Boys' School Learn Forensic Crime Solving

June 17, 2013 at 2:21 PM

IMG_9643.JPGOur Year 8 boys have been busy taking fingerprints with ink pads, identifying their different key features and were even challenged with their own crime to solve!

Just how technology impacts society and the positive and negative effects of this has been a part of the Year 8 Social Science studies in the classrooms recently at the Boys’ School.

One of the first sessions the students looked at was how investigators detect and collect fingerprints.

As a kick off, visiting School Community Constable Peter posed the question to the class - what animal fur are fingerprinting brushes made out of?

Bear, possum, racoon, fox and rabbit were all suggested from the boys, but the answer the Constable was looking for was in fact squirrel fur!

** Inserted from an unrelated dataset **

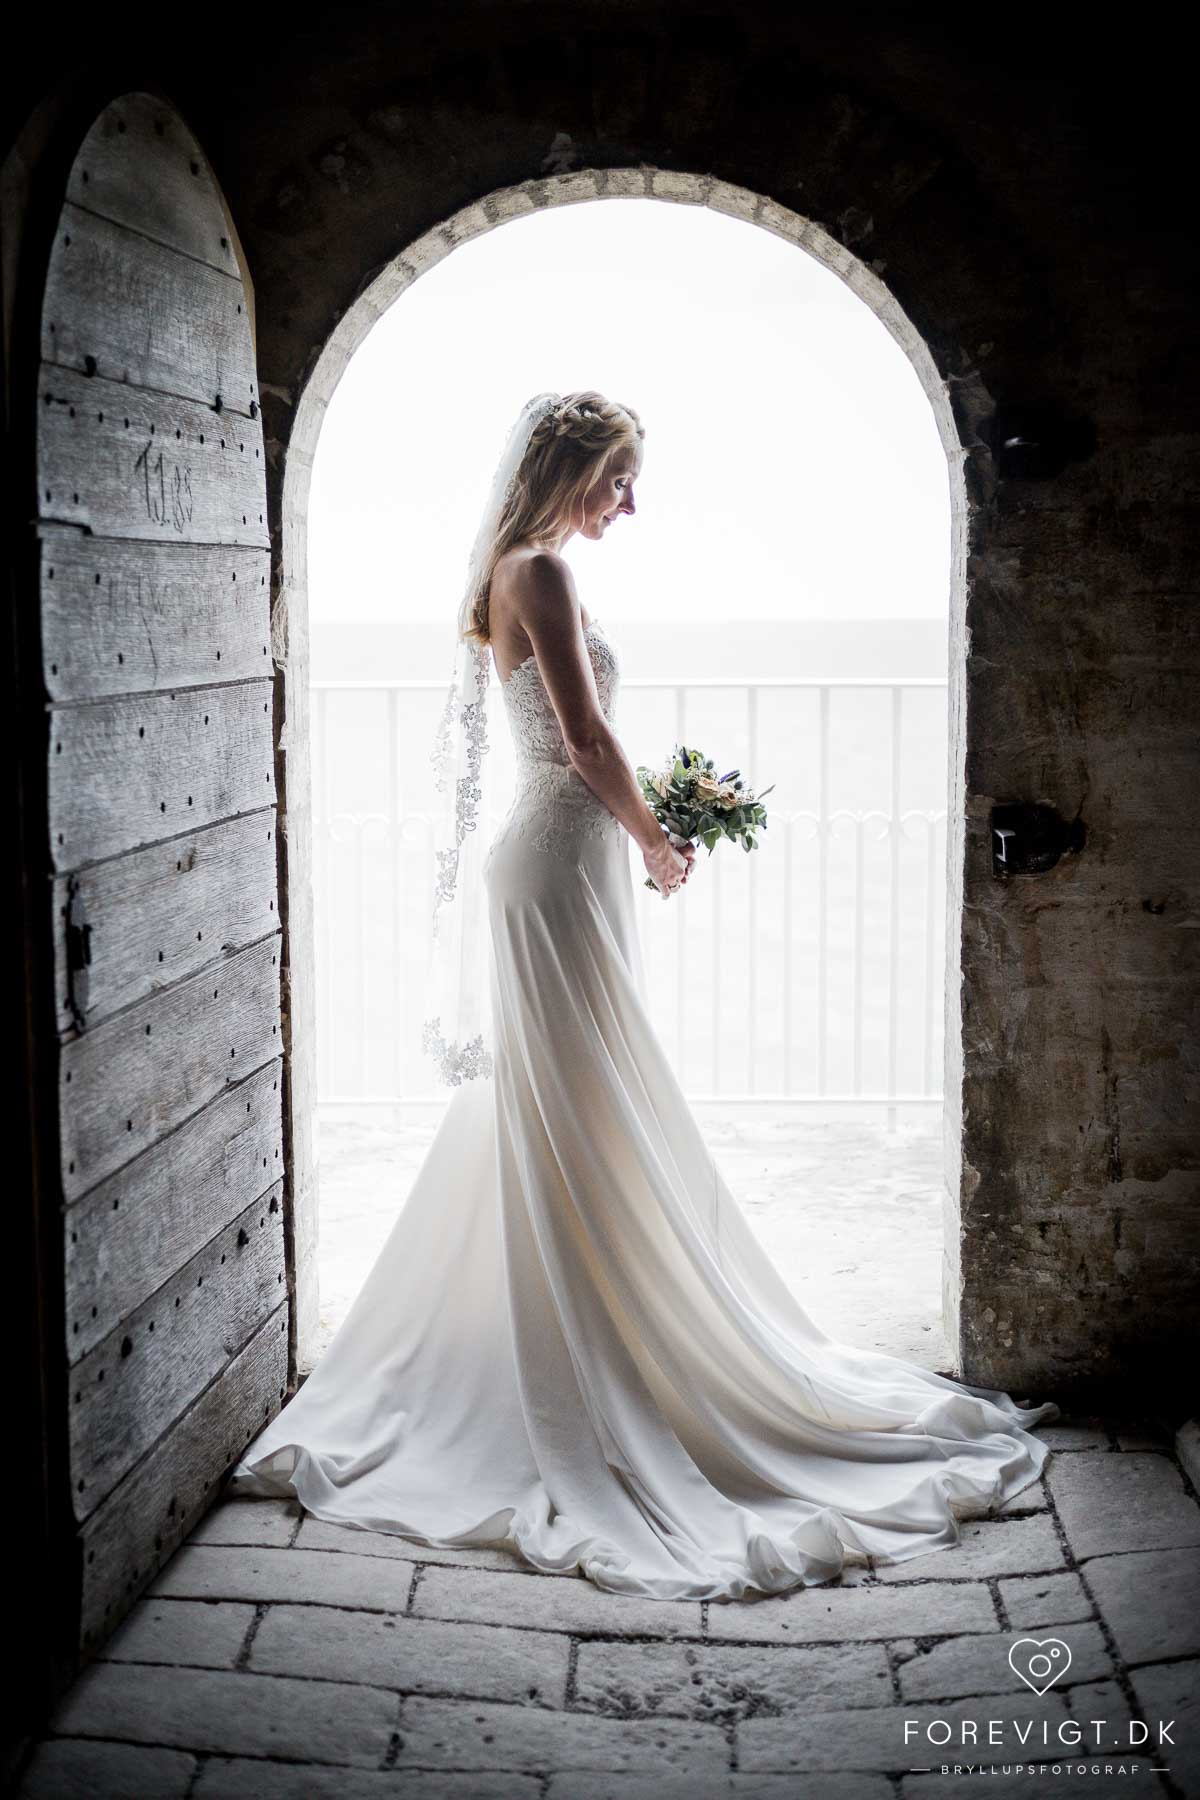 Unik bryllupsfotografi - Sjælland

The boys were then presented with a real crime from NZ's past, but with names and evidence adapted to the classroom, and asked to collect and analyse evidence including lifting finger prints from glass beakers using standard police technologies. They then used that print plus other evidence to solve the crime.

The next stage of the inquiry process was to look at what has changed with these investigatory techniques from the past to present and explore how it may develop in to the future.

Part of the study also included researching into DNA sampling and the development of that technology and the link between audio visual technologies and the concept of "Big Brother". 

After working through all the stages of the inquiry - gathering prior knowledge, questioning, planning, researching, interpreting, presenting and reflecting, the boys were then asked to research the impact technology has on a different aspect of human society.

Overall the boys thought the sessions were fun and learned a lot from their hands on experiences as ‘detectives’.

Other curriculum areas are also currently complementing the Social Sciences unit, particularly English, where students are enjoying reading crime novels and writing their own suspense stories.